= One Room Schoolhouse Park =

Public park in Queens, New York

One Room Schoolhouse Park is a small park located on the southeast corner of Astoria Boulevard and 90th Street in the East Elmhurst neighborhood of Queens, New York City. Its name recalls the site of Queens's last one-room schoolhouse, demolished in 1934. The schoolhouse was built only five years after New York State required compulsory education for children in 1874. Last called P.S. 10, the school was also known as the Bowery Bay School, after an earlier school established in 1734, and as the Frogtown School. Frogtown was a poor community located in a swampy area north of Astoria Boulevard, near the present-day LaGuardia Airport.
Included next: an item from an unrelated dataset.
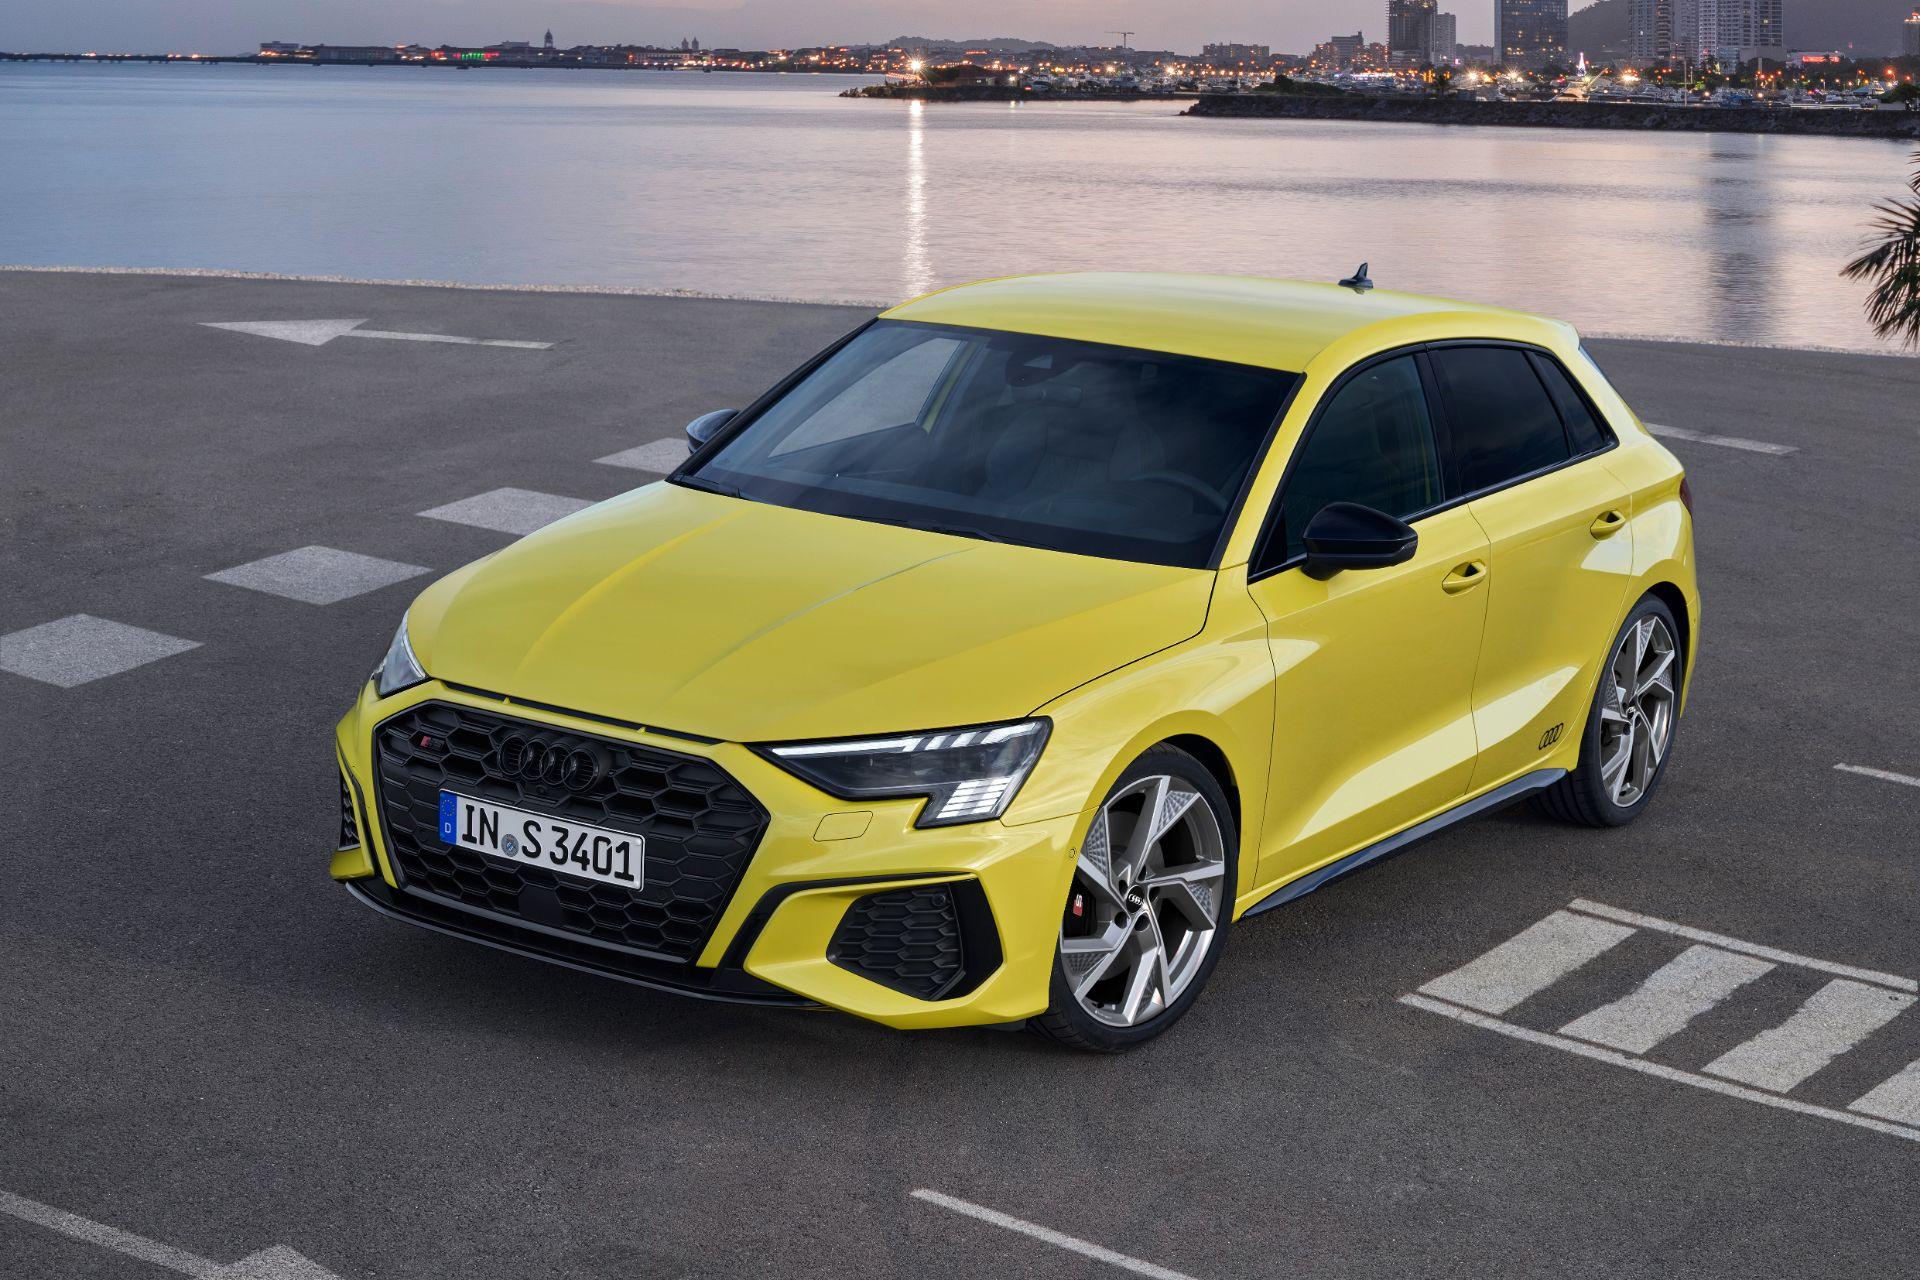 2021 Audi A3 Sportback (Photos, price, performance and ...

Emma Fagan headed the school from 1879 to 1910. The 15 by 28 ft classroom had capacity for fifty-two students divided into six classes. The six rows of desks were arranged according to the age and ability of the students. The beginners were seated at the smaller desks in the front, while the more advanced students occupied the back rows. In the center of the classroom, a stove with a pipe extending to the roof that kept the space warm during winter.

By 1910, the expanding needs of immigrant populations and the reform movement that created the public education system had rendered one-room schoolhouses obsolete. The schoolhouse closed in 1925, but a temporary school building was still in use at the site when Parks acquired the 0.14 acre property from the Board of Education in 1934. Increased population in the neighborhood necessitated the construction of a new playground that opened to the public in December 1935. Subsequent decades saw the playground transformed into a sitting area. In 2015, the City Council allocated funding for the restoration of this park. The redesign of the park will commence following informational sessions to incorporate public input on the park’s features. Work on the renovation started in 2019.